[STRICTEMENT PERSONNEL] À droite toute !

La vie, aussi bien la vie politique, réserve d’étonnantes surprises.
IL20240409190919-jamet-dominique-929x522

Étais-je le seul, ces dernières semaines, à trouver qu’on en faisait peut-être un peu trop autour du match de titans qui opposait deux compétiteurs, aux dents longues mais aux perspectives limitées, pour le contrôle – la présidence – d’un parti à la ramasse, d’un parti qui se réclamait toujours, les dimanches d’élection, du nom, de la stature, du parrainage, des idées du père fondateur de la Ve République, mais qui tendait à n’être plus qu’un lobby vieillissant de notables, plus fortement vissés à leurs fauteuils d’élus qu’attachés à leurs supposées convictions « gaullistes », d’un parti qui, lors de la dernière présidentielle - la vraie –, n’était pas parvenu à se hisser jusqu’au seuil fatidique des 5 % de votants, d’un parti qui, faute de leader, de programme, de militants et d’électeurs, avait perdu toute crédibilité, s’accrochait bien, ici et là, à quelques fiefs tant bien que mal sauvegardés, mais paraissait inexorablement condamné à une descente aux enfers, pour ne pas dire à une chute dans le néant, parallèle et analogue à celle de son vieux rival socialiste, lui aussi tombé si bas qu’il ne devait le maintien d’une représentation parlementaire minoritaire qu’au soutien mortifère de la Mélenchonie ?
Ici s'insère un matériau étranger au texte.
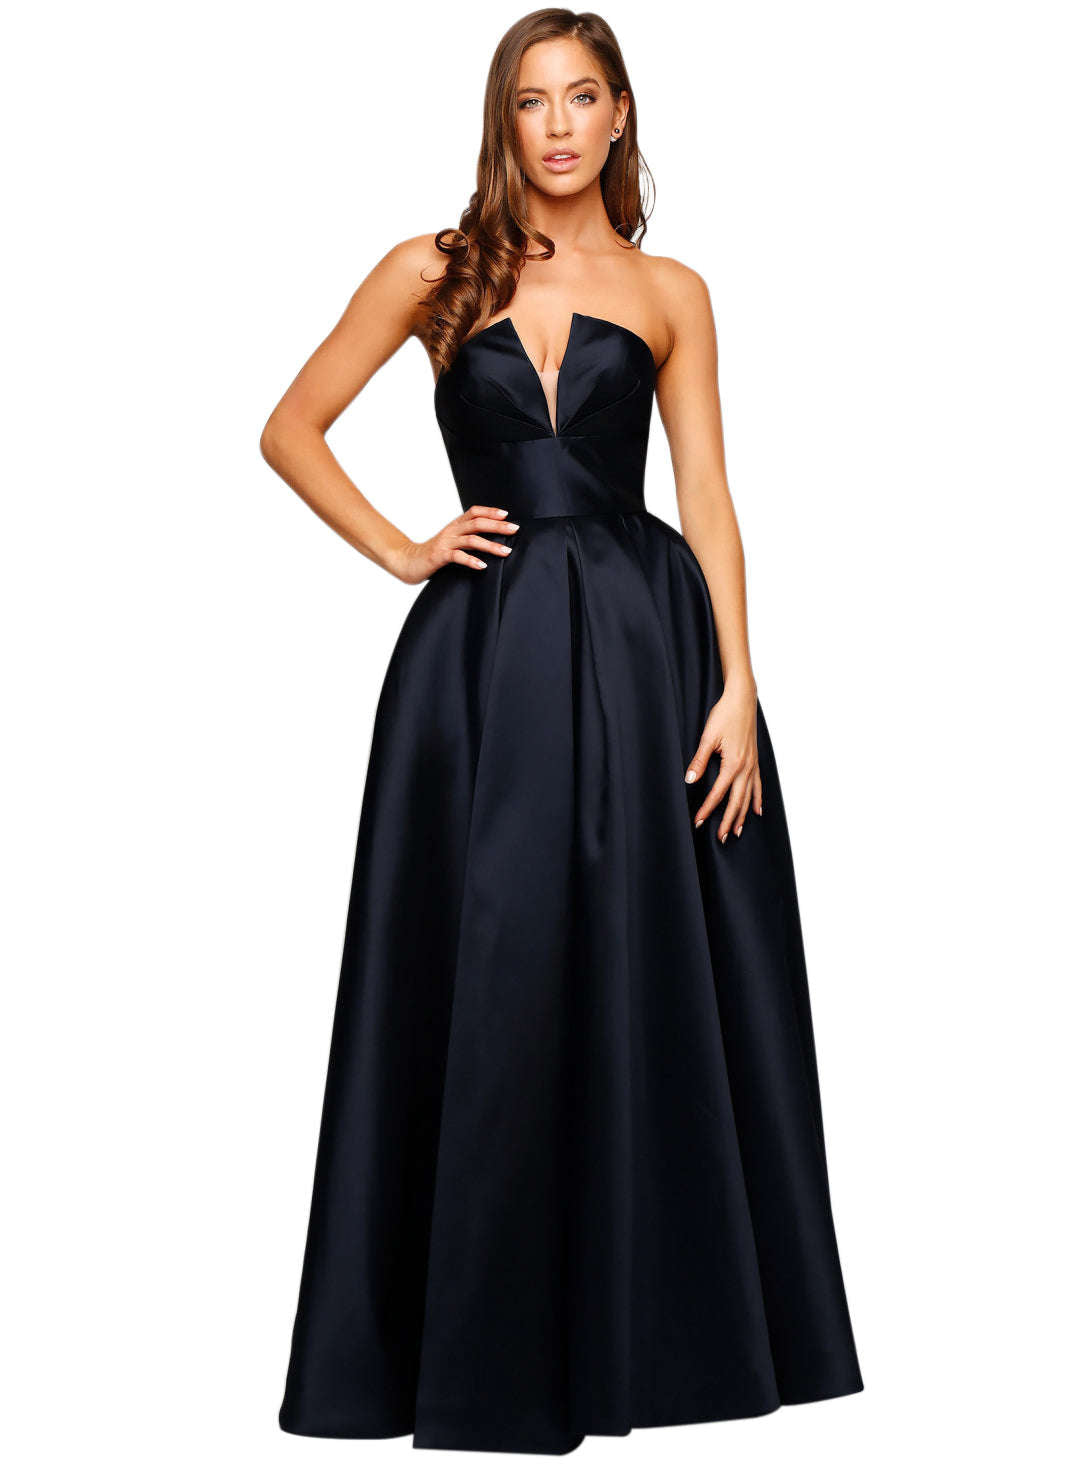 Tinaholy TINAHOLY Lucille Gown TA611 (Navy Blue) - RRP $440 - tinaholy-lucille-gown-ta611-navy-blue---rrp-0-dress-for-a-night-30756954.jpg

On ne donnait pas cher de leur avenir

Quels que fussent les qualités personnelles des deux rivaux en piste, en dépit de leur affichage commun d’une volonté inébranlable d’aller jusqu’au bout de leur campagne et de leur évidente intention, s’ils gagnaient cette première bataille, d’aller plus loin et plus haut, la plupart des experts et autres observateurs de notre paysage politique ne donnaient pas cher de leur avenir, au-delà de la date retenue - le 18 mai –, pour siffler la fin du match. L’attitude, les propos, les promesses de Bruno Retailleau et bien entendu son accession au ministère de l’Intérieur, poste important à toute époque, et particulièrement dans le moment d’effondrement que vit notre malheureux pays, avaient projeté sur le devant de la scène le Vendéen, compatriote et admirateur de Georges Clemenceau comme du maréchal de Lattre de Tassigny, passé par l’école de formation idéologique du villiérisme et le creuset du Puy du Fou, mais jusqu’alors plus apprécié par la classe politique que reconnu par le grand public. L’engouement suscité par ses déclarations de guerre au crime organisé, par sa volonté affichée de faire entendre et respecter la voix de la France de Dunkerque à Tamanrasset, et faire régner l’ordre public du boulevard Barbès à la porte de la Chapelle (pour commencer), ne risquait-il pas de n’être qu’un feu de paille si, pour des raisons connues de tous et indépendantes de sa volonté, les paroles n’étaient pas suivies d’actes ? Quant à Laurent Wauquiez, cet enfant chéri de la méritocratie, aux diplômes et au curriculum vitae comparables à ceux d’un Bruno Le Maire, même s’il pouvait faire état (et ne s’en privait pas) d’un bilan positif à la tête de la région Auvergne-Rhône-Alpes, n’avait-il pas donné des verges pour se faire battre en accumulant les erreurs, voire les fautes dans son comportement, ses choix, sa communication, ses aveux maladroits qui faisaient douter sinon de son talent du moins de sa sincérité ? Ne s’était-il pas discrédité, sinon disqualifié, tout seul ? Qu’attendre de nouveau, de positif, d’éclatant de ce jeune cheval de retour ?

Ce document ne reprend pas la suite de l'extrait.